In Commissioner v. Seaboard Finance Co., 367 F.2d 646 (9th Cir. 1966), the court listed the following as "going concern value" or good will:
1. Customer renewals;
2. New business acquired from existing customers;
3. New business acquired from former customers;
4. The ability to avoid start-up costs by stepping into the seller's shoes;
5. Customer structure.
The taxpayer here purchased nothing more than "the ability to avoid start-up costs by stepping into the seller's shoes," replacing the seller as the local distributor with whom the national distributors were likely to deal.
Finally, the taxpayer claims that the allocation of amounts to good will in the sale contracts was inadvertent and simply a routine "boiler plate" allocation. He asks the Court to disregard the terms of the contract for the reason that these terms were not bargained for.
"Strong proof" of a different intent is required before the court will go beyond the terms of a written contract. Ullman v. Commissioner, 264 F.2d 305 (2d Cir. 1959).
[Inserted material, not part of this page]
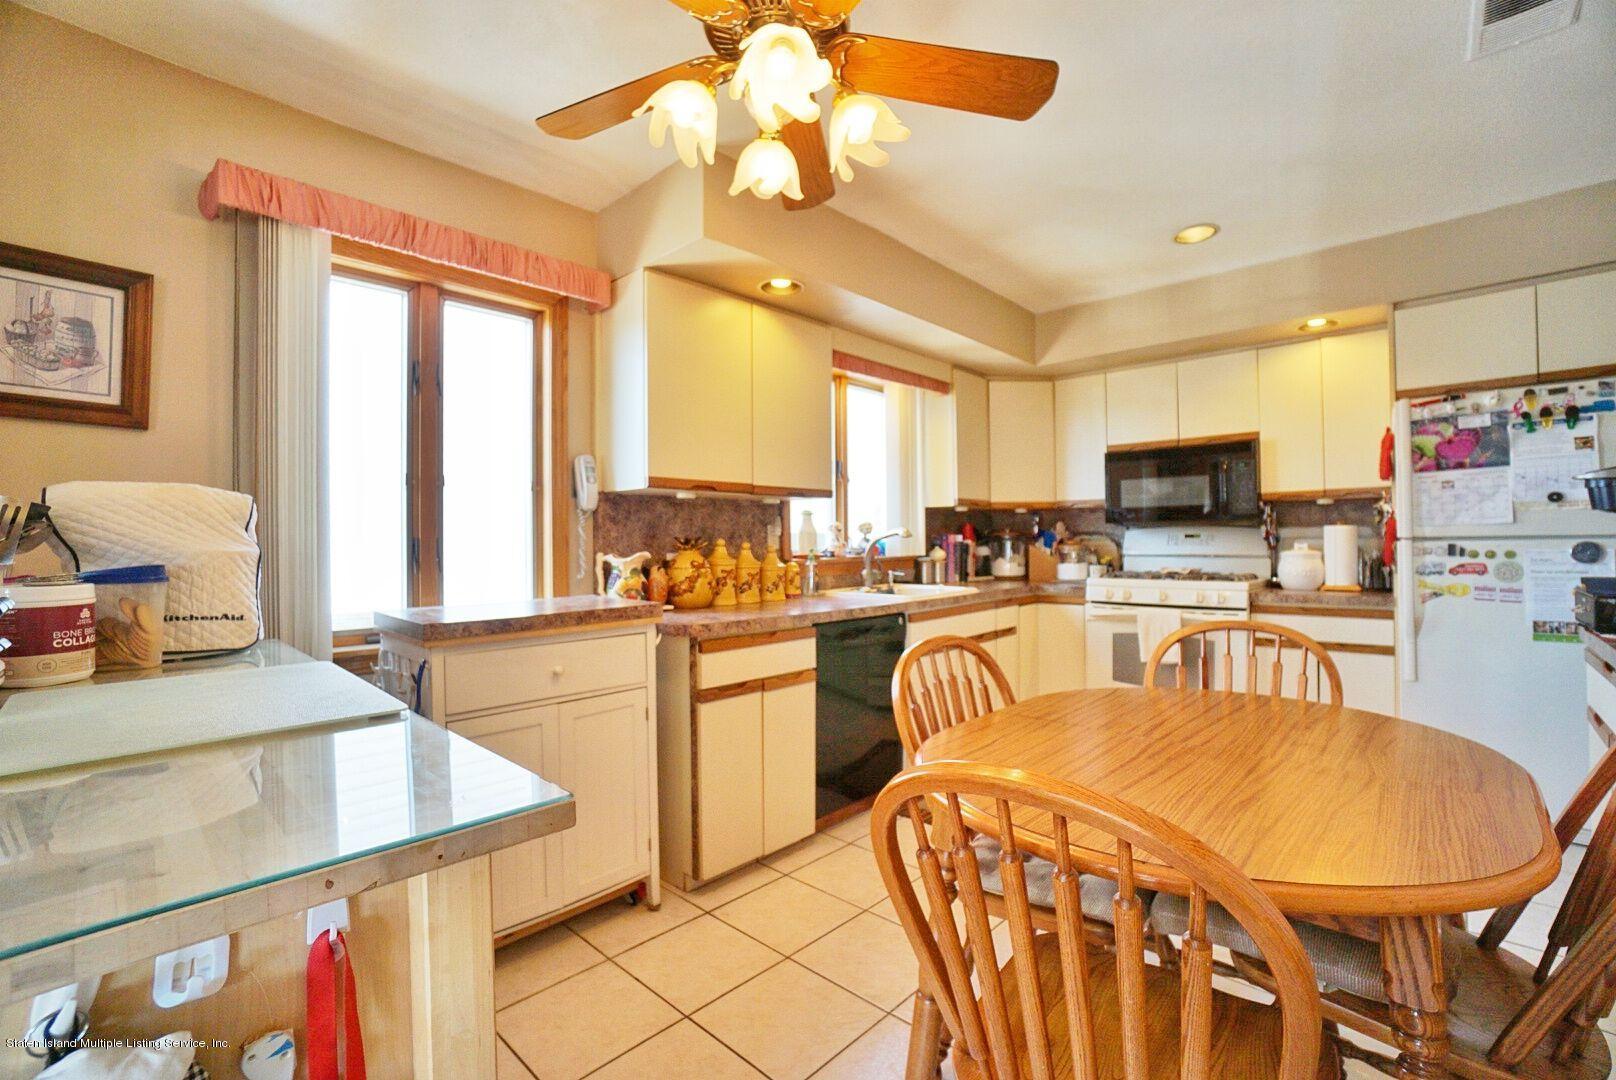 Single Family - Detached 283 Holdridge Avenue  Staten Island, NY 10312, MLS-1130000-21

The Third Circuit has gone even further, requiring that a taxpayer present evidence that would be sufficient, in an action between the parties, to alter the terms of the contract (i.e., fraud, duress, or mistake), before it will alter the tax consequences of that contract. Commissioner v. Danielson, 378 F.2d 771 (3d Cir. 1967). Under either standard, the taxpayer has given no indication that such proof exists. On the contrary, during his oral argument taxpayer's counsel argued persuasively that the terms of the contracts were carefully negotiated, thus belying any claim that the allocations to good will were inadvertent.
In sum, I find nothing in the record to warrant a finding of a genuine issue of fact which would lead to a denial of the government's motion for summary judgment. That motion is, therefore, granted.